Halibut Cove is a small community lining the shores of The Narrows, a protected waterway separating Ismailof Island to the north from the Kenai Peninsula to the south, on the southeastern shore of Kachemak Bay, about 20 miles (32 km) northeast of Seldovia and 11 miles (18 km) east-southeast of Homer, Alaska. Ismailof Island is actually two islands connected by a sand and gravel spit about 1300 feet (400 m) long that historically was called Beluga Spit. The island was named for Captain Gerasim Izmailov of the Imperial Russian Navy who in 1789 was the first European to explore and map the Kenai Peninsula. The community is named after the adjacent embayment of Halibut Coved formed by Ismailof Island on the western shore and the Kenai Peninsula on the eastern shore. The cove was named in 1880 by William H. Dall while charting the western coast of the Kenai Peninsula for the U.S. Coast and Geodetic Survey. Dall also made the first systematic investigations on the geology of the peninsula and first noted the contorted chert exposed at Halibut Cove. In 1904, the Harriman Expedition visited Kachemak Bay and Benjamin K. Emerson wrote about the banded chert exposed on the northeastern shore of Halibut Cove that was intruded by light-colored porphyry dikes. These rocks represent the McHugh Complex which in this area is composed of basalt and chert that developed between the Middle Triassic to Early Cretaceous or between 201.4 million years ago and 145 million years ago.

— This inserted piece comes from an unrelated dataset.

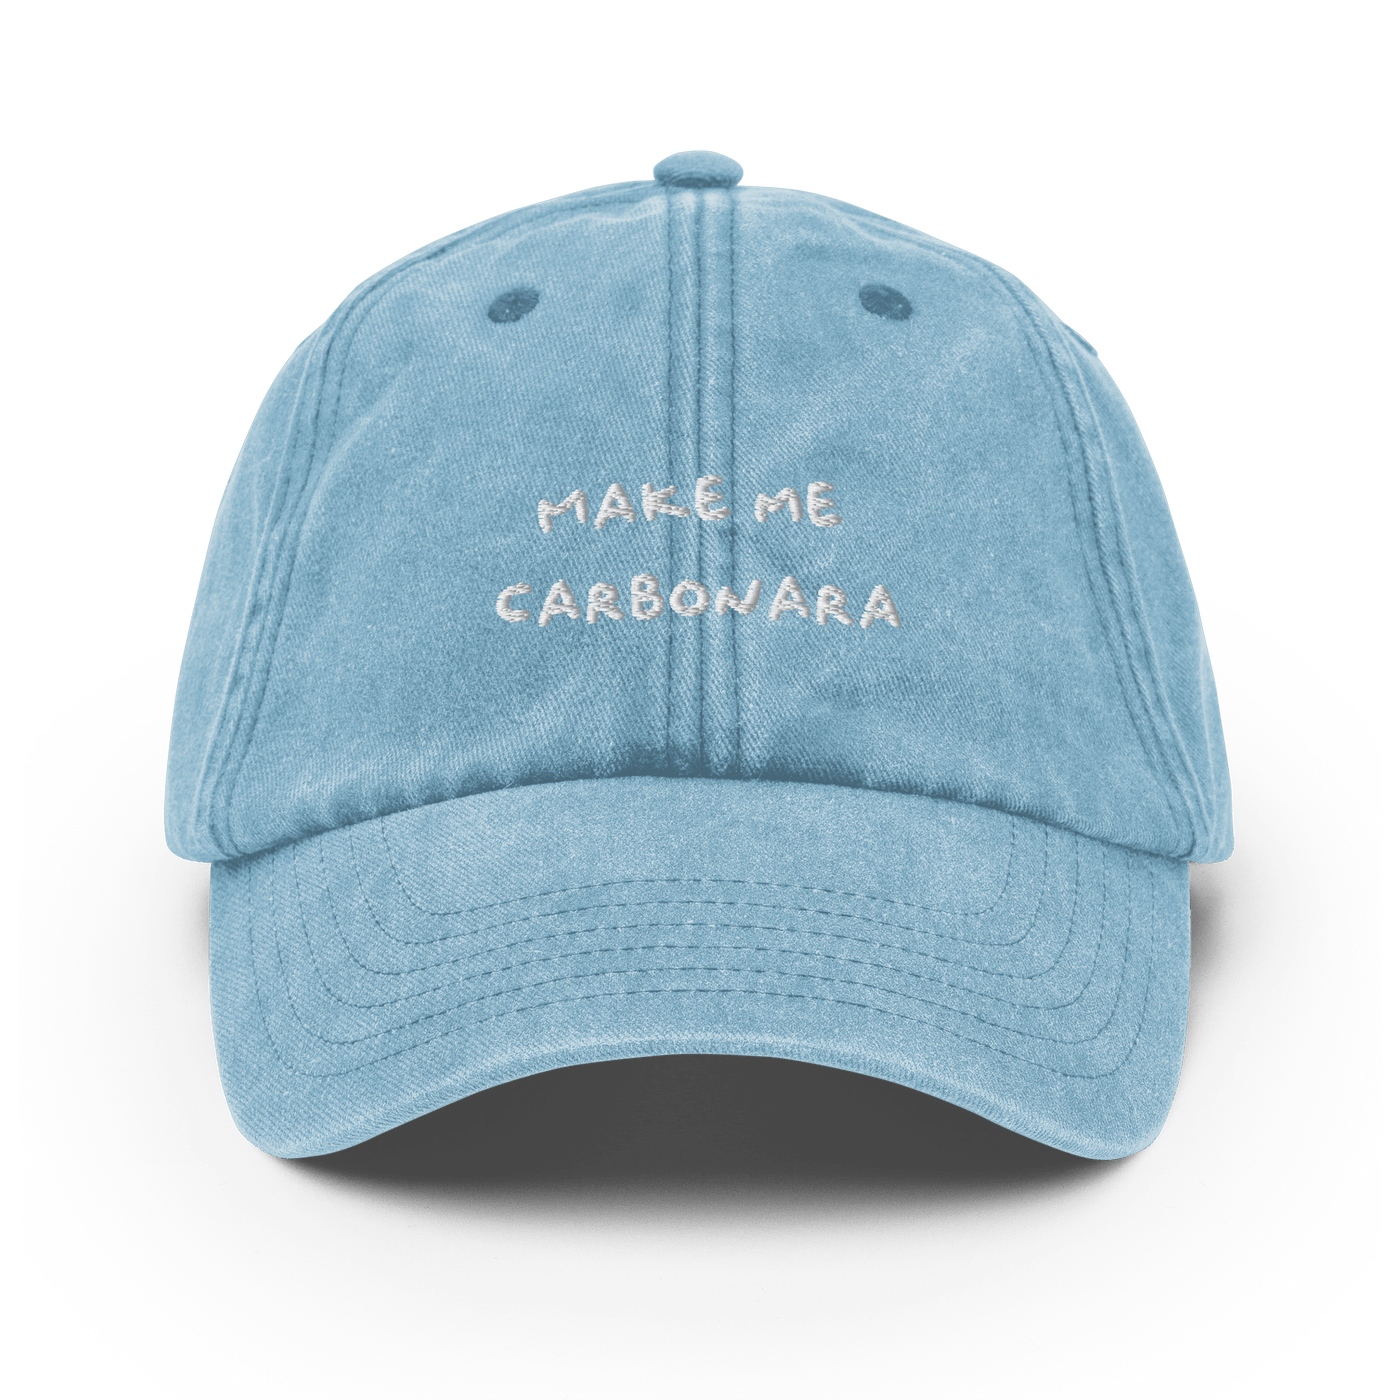 Make me Carbonara Vintage Hat - Vintage Light Denim - - Just Another Cap Store

Upper Kachemak Bay was historically occupied by the Dena’ina people, an early Athabaskan culture of Cook Inlet. One of the important food sources for the Dena’ina was the Pacific herring, one of the most abundant fish species in Alaska. They were caught with rakes or beach seines and sun-dried. The dried fish were consumed locally and were also important for trading with interior peoples. In Kachemak Bay, herring spawn in early April and prefer kelp-rich shallow water and intertidal areas such as Halibut Cove. The eggs are coated with an adhesive membrane and stick to underwater algae and seagrasses. The Dena’ina gathered and consumed herring eggs on kelp and spruce boughs. In 1914, commercial herring fishing first occurred in lower Cook Inlet with the development of a gillnet fishery in Kachemak Bay. The preferred method to preserve the fish was by Scotch curing, where the herring were packed into barrels with salt so that the fish are pickled in brine. A full barrel held about 240 gutted and salted fish and weighed 250 lbs. By 1923, during the peak of the fishery, there were eight salteries operating in Kachemak Bay, with six in Halibut Cove, plus a few floating processors. The fishery employed as many as 1,000 people during the height of the season. A community quickly developed around the docks built to accommodate the steamers that arrived to load barrels of salted fish. In 1923, a purse seine fishery in Kachemak Bay began, but after three successive years of average annual harvests approaching 8,000 tons, the herring population rapidly declined. By 1927, the herring spawning grounds were destroyed and by 1928 the herring were gone and the boom was over. Halibut Cove became a ghost town and only a few tenacious pioneers remained with a few operating a fox farm on Ismailof Island.

The community of Halibut Cove first appeared in 1940 census records with 23 residents. In 1948, Clem Tillion bought a pioneer homestead on Ismailof Island and over many years fostered the development of a community. He started a regular mailboat service with a surplus U.S. Army T-Boat named Stormbird, and a daily ferry from Homer on a restored herring boat named Danny J. In 1984, The Saltry restaurant was opened in a building on piles overlooking The Narrows. Today, the community supports about 80 residents and a thriving tourist industry, as well as resident artists, and oyster farmers. Halibut Cove is only accessible by water, including by boat or float plane which are weather dependent; therefore, a high percentage of homes in Halibut Cove are used seasonally. The community is connected to the state electricity grid and a local hydroelectric facility operated by the Homer Electric Association. In 2000, residents of Halibut Cove had the highest per capita income of any community in Alaska. A few Halibut Cove residents still participate in commercial fisheries as state and federal permit holders, quota account holders in federal catch share fisheries, vessel owners, and crew license holders; however, the number of fishing vessels homeported in Halibut Cove has declined from 22 in 2000 to less than 10 in 2020. Read more here and here. Explore more of Halibut Cove and Ismailof Island here:

About the background graphic

This ‘warming stripe’ graphic is a visual representation of the change in global temperature from 1850 (top) to 2022 (bottom). Each stripe represents the average global temperature for one year. The average temperature from 1971-2000 is set as the boundary between blue and red. The color scale goes from -0.7°C to +0.7°C. The data are from the UK Met Office HadCRUT4.6 dataset. 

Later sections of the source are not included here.